You didn`t mention any food source, straight ammonia or fish.
Without something for whatever bacteria on the media to feed on, it will start to die off.


----------



## wlyons9856 (Sep 16, 2010)

I would say add some pure ammonia, get it to about 6 ppm, then test the next day. Once your ammonia goes from about 5-6ppm to 0 ppm in less than a day, it will be cycled


----------



## jeaninel (Nov 1, 2009)

Do you have plants in the tank?


----------



## matthew1884 (Jul 24, 2009)

I have been adding food, no plants.

How do I had 6ppm ammonia? what is that is ml?


----------



## cjacob316 (Dec 4, 2008)

do not add 6ppm ammonia, that's way too much, 2ppm is penty, and you use pure ammonia from a hardware store or other store with cleaning supplies

the ammount you need to add to a tank to get to 2ppm depends on the amount of water in the tank, as well as the actual concentration of ammonia in the bottle.

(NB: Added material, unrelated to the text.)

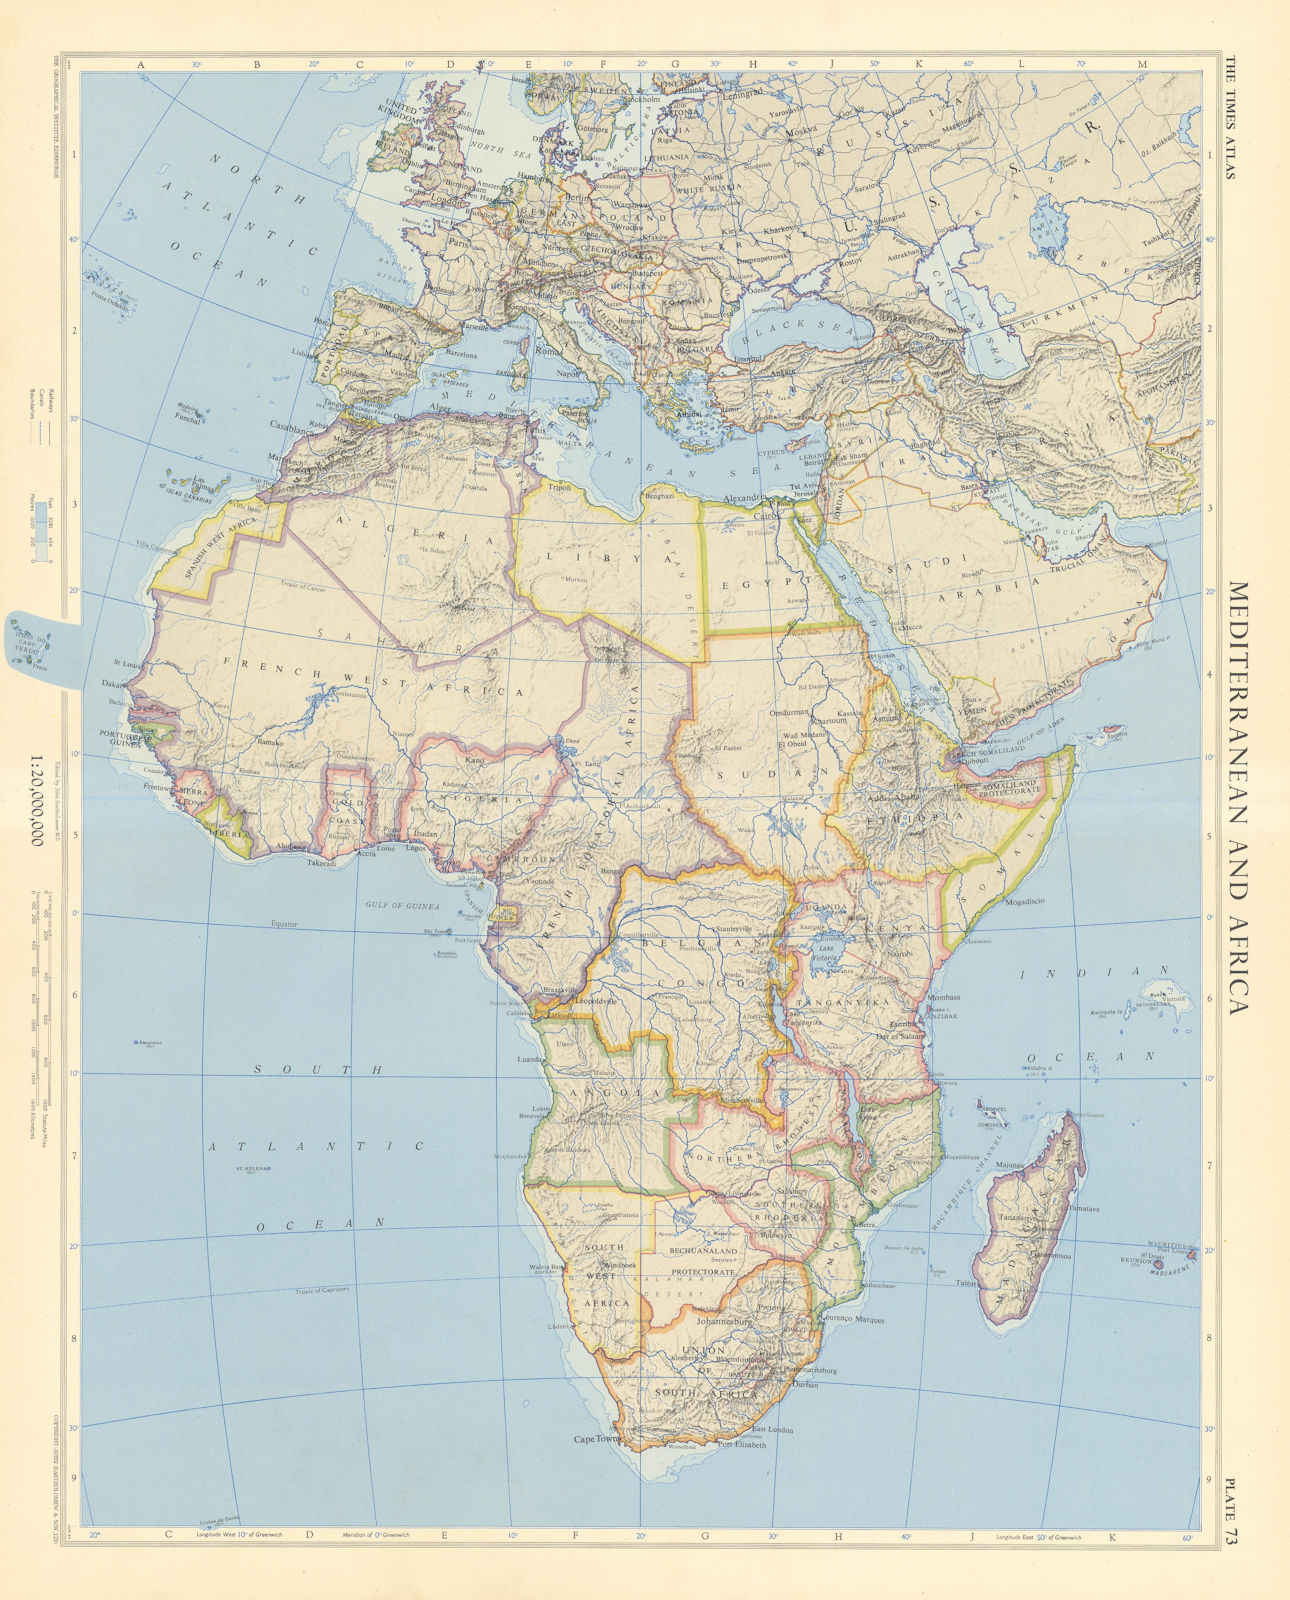 Africa. French Equatorial Africa. Rhodesia. Belgian Congo. TIMES 1956 old map

the mature media may work, but you have to have an ammonia source for the nitrogen cycle to occur to get nitrates, how long has that media been in the new tank with no food for potential bacteria?


----------



## wlyons9856 (Sep 16, 2010)

cjacob is right, I add 6ppm because my tank is larger at 90 gallons.


----------



## matthew1884 (Jul 24, 2009)

it is a 125 gal tank. The media has been in other tanks for months and in the new tank for 2 1/2 weeks I have been putting food in daily.


----------



## wlyons9856 (Sep 16, 2010)

I would add some pure ammonia, around 2-3 ppm. You can buy an ammonia test kit at your local petsmart for about $10. See how long it takes from 2-3ppm to 0ppm, if it less then a day, I woud say add fish.


----------



## matthew1884 (Jul 24, 2009)

how do I measure out ppm though?
like how much ammonia for 125 gal tank? are we talking add it until my kit reads 3ppm or add 1/2 a cup what volume of ammonia liquid?


----------



## wlyons9856 (Sep 16, 2010)

the amount of ammonia will depend on the concentration of it. Just make sure it is pure ammonia with no surfacants or addetives. 20ml brought my 90 gallon tank to 5ppm. I would say about 10-20ml for 125 gallons. I would add 10ml then test after about 20 minutes to get a ppm reading. I hope that is understandable.


----------



## matthew1884 (Jul 24, 2009)

*wlyons9856*
thanks that helped a lot.


----------



## matthew1884 (Jul 24, 2009)

so I got this ammonia at ace hardware will it work?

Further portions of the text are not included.